Per molte attività sociali e culturali i lockdown dovuti alla pandemia sono stati un colpo durissimo. In prima linea ci sono sicuramente i cinema, chiusi per mesi e poi costretti a limitare il numero degli accessi in sala. Ma hanno dovuto fare anche i conti con la paura di una parte del pubblico a rientrare in un luogo chiuso a stretto contatto con altre persone. Gli effetti sono ancora ben visibili negli ultimi dati pubblicati da Cinetel, la società che si occupa di monitorare il mercato cinematografico italiano per conto di esercenti e operatori del settore.
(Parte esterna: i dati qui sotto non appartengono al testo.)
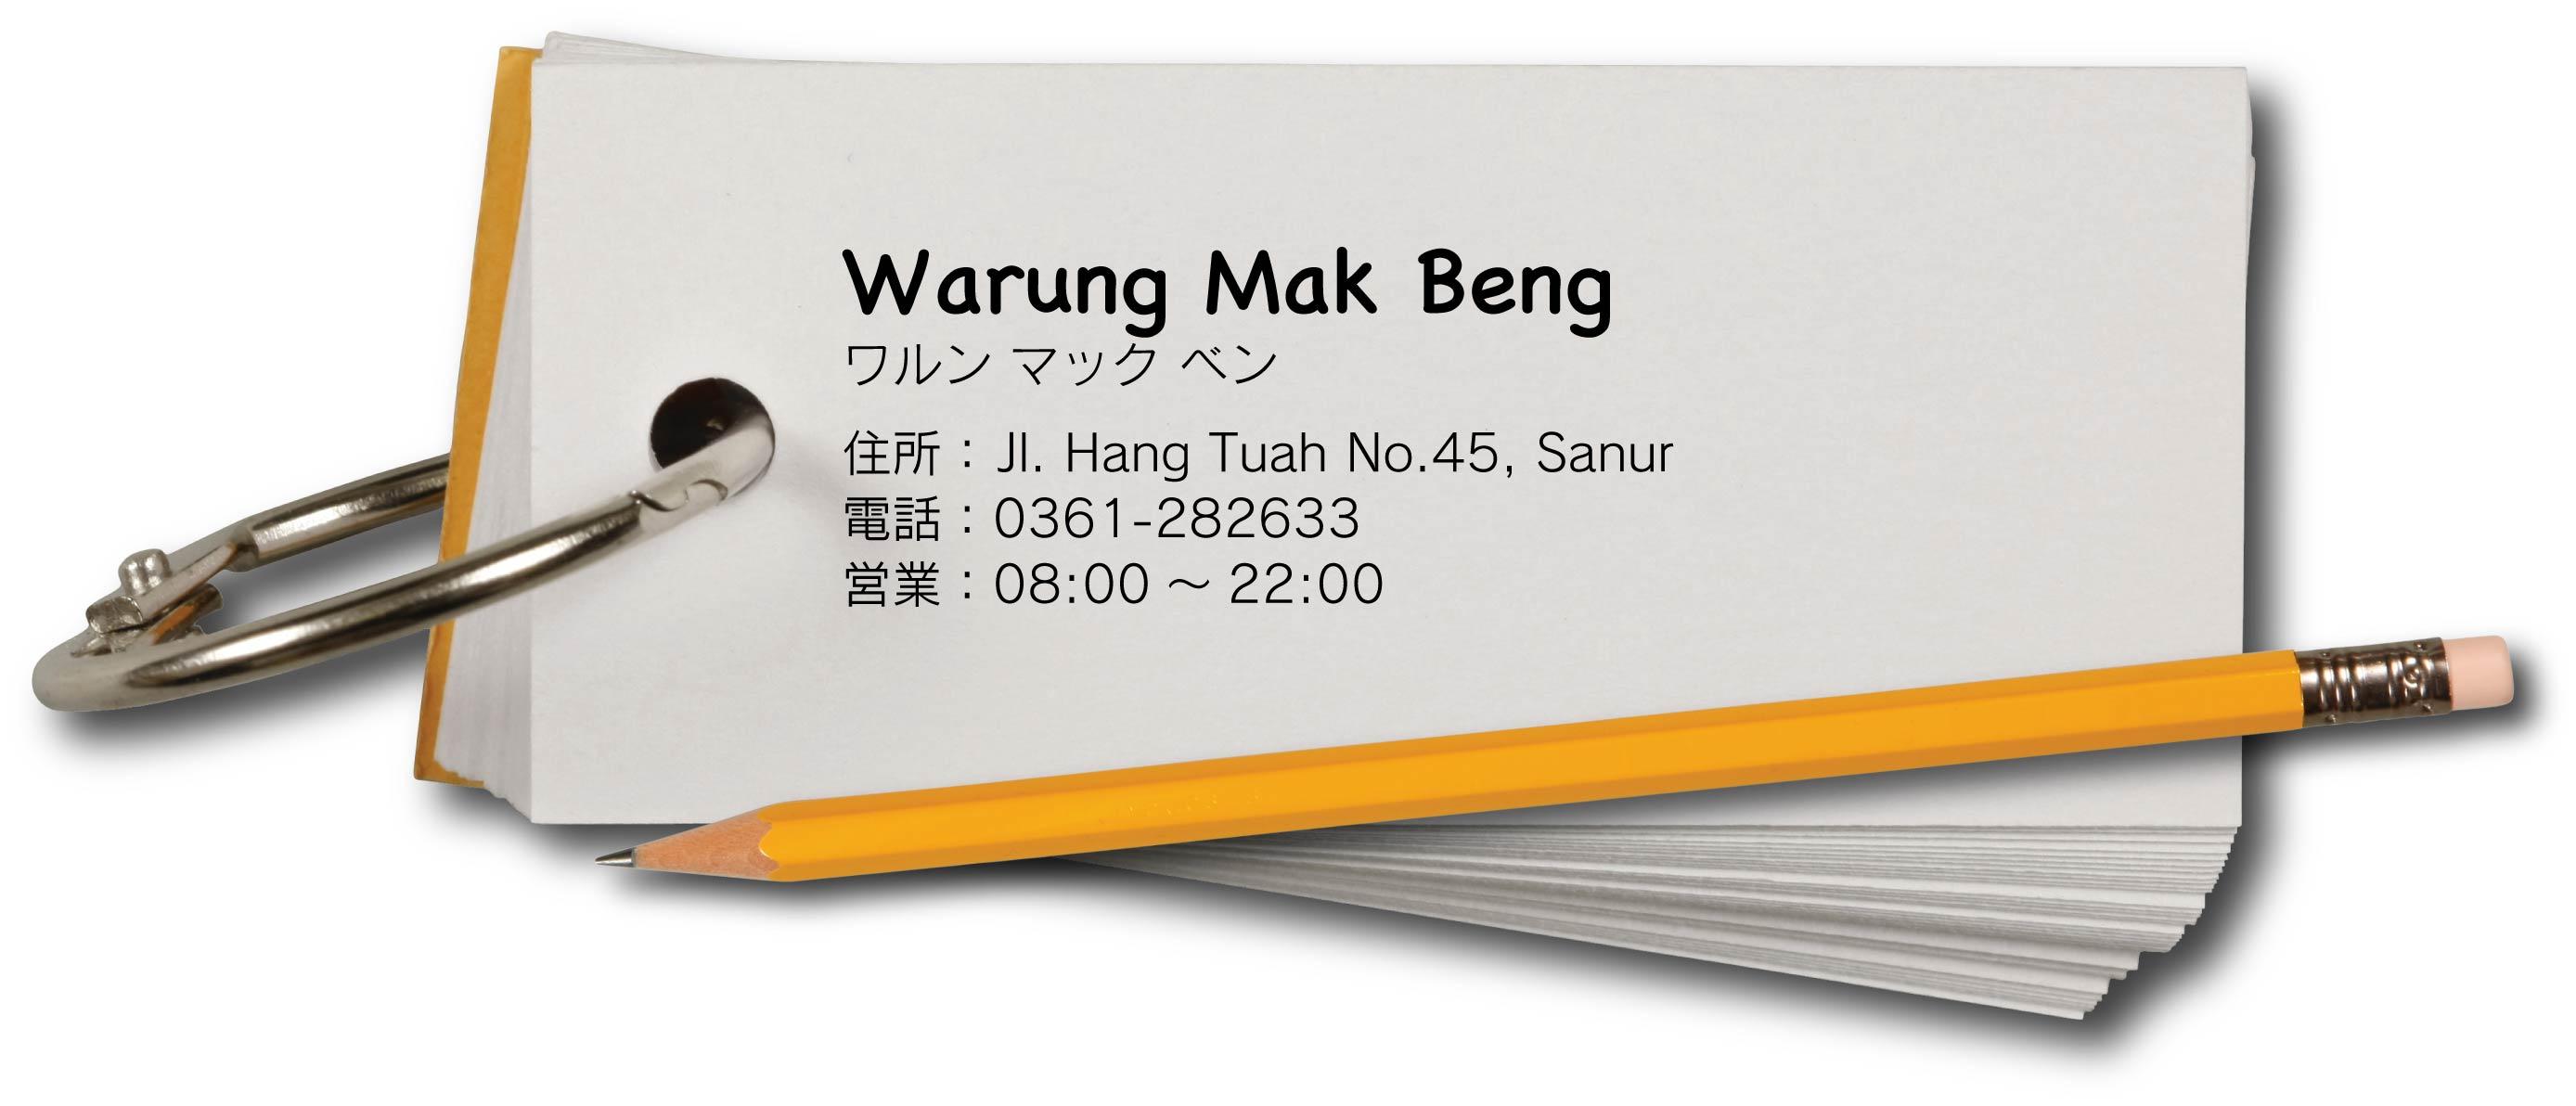 Warung Mak Bengの画像11

Secondo gli ultimi dati disponibili, quelli relativi al 2024, rispetto al 2019 mancano all’appello ancora quasi 30 milioni di ingressi. “Siamo ancora lontani dai dati del 2019”, commenta Stefano Radice, ufficio stampa della Cineteca di Milano e giornalista di CineGuru, web magazine dedicato al settore. “E rispetto al 2019, i primi tre mesi del 2025 segnano ancora un -6%)”. Poco prima della pandemia, invece, il trend era in crescita e la cifra simbolica dei 100 milioni di ingressi sembrava a portata di mano.
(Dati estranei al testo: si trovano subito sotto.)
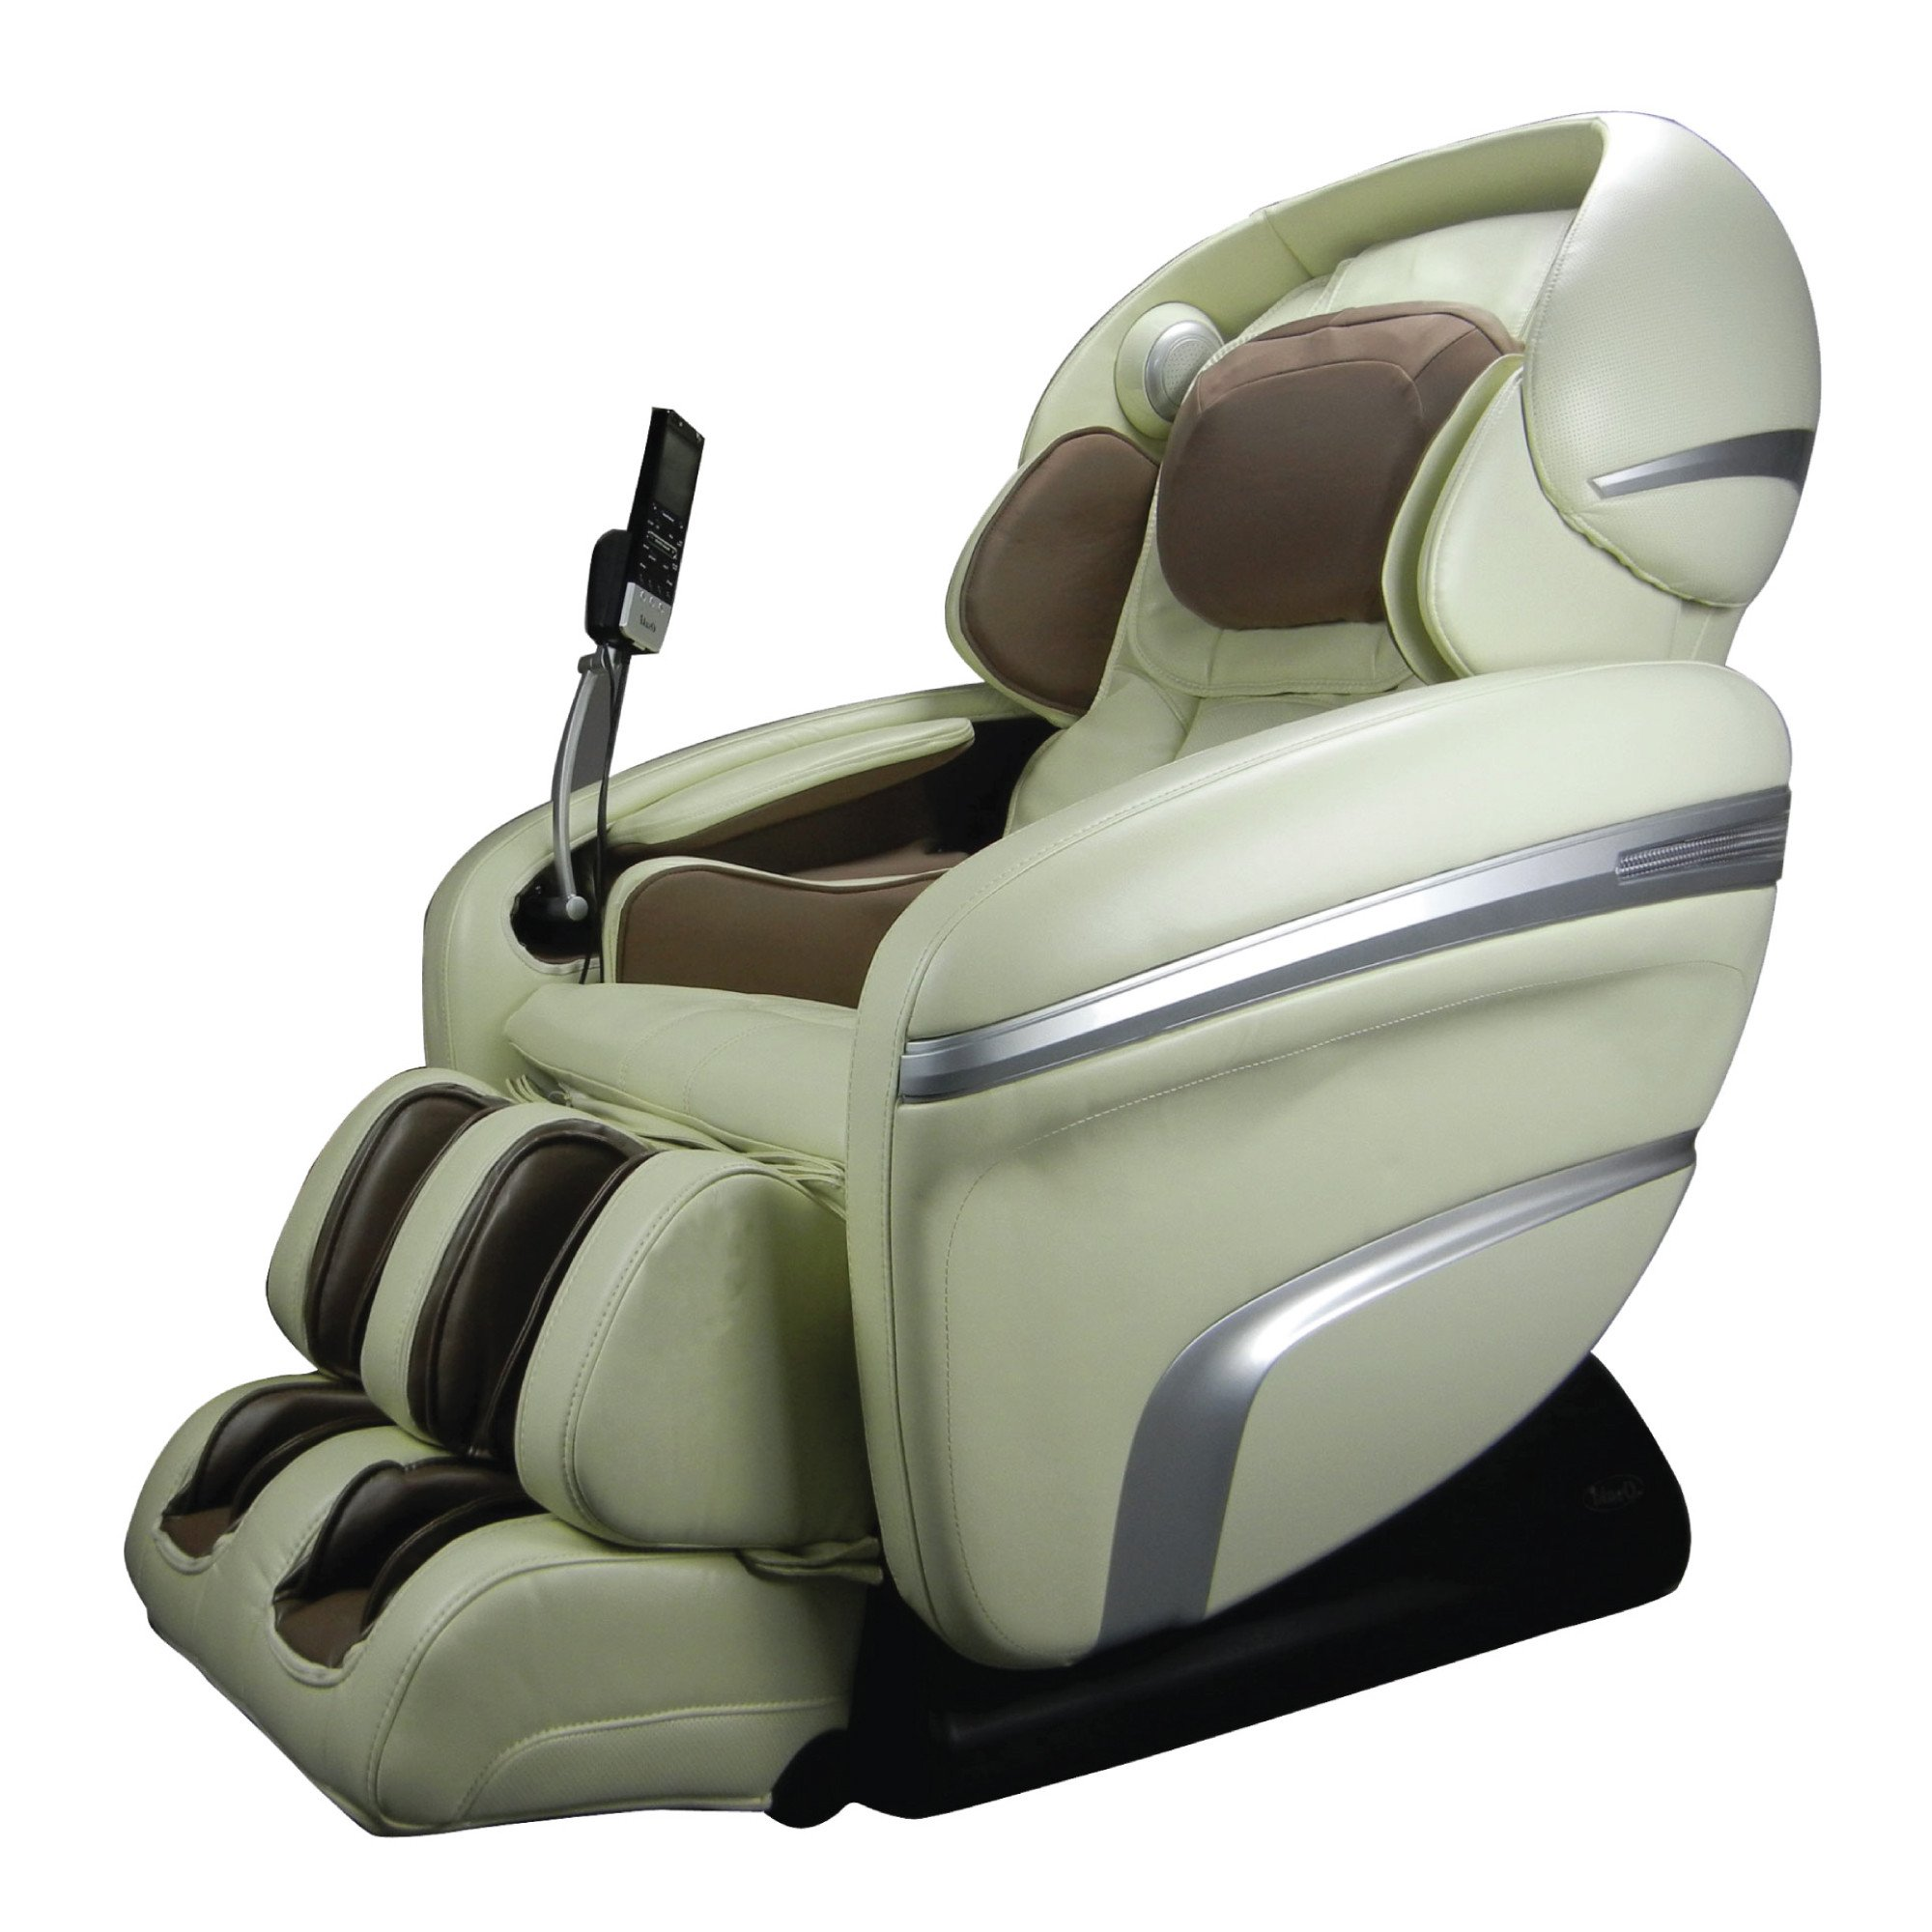 Osaki 7200CR Massage Chair - Cream - Front Angle View

I numeri degli ingressi in sala si riflette anche sugli incassi delle sale cinematografiche, passate dagli oltre 635 milioni di euro a 493, una differenza in negativo di oltre il 29%. Come si può intuire dal grafico seguente, “il periodo tra il 2021 e il 2023 è stato particolarmente pesante per i gestori delle sale”, chiosa Radice: spese comunque alte per affitti e personale, ma incassi bassissimi. Ci sono stati degli aiuti da parte dello Stato, ma con “difficoltà legate alla burocrazia”.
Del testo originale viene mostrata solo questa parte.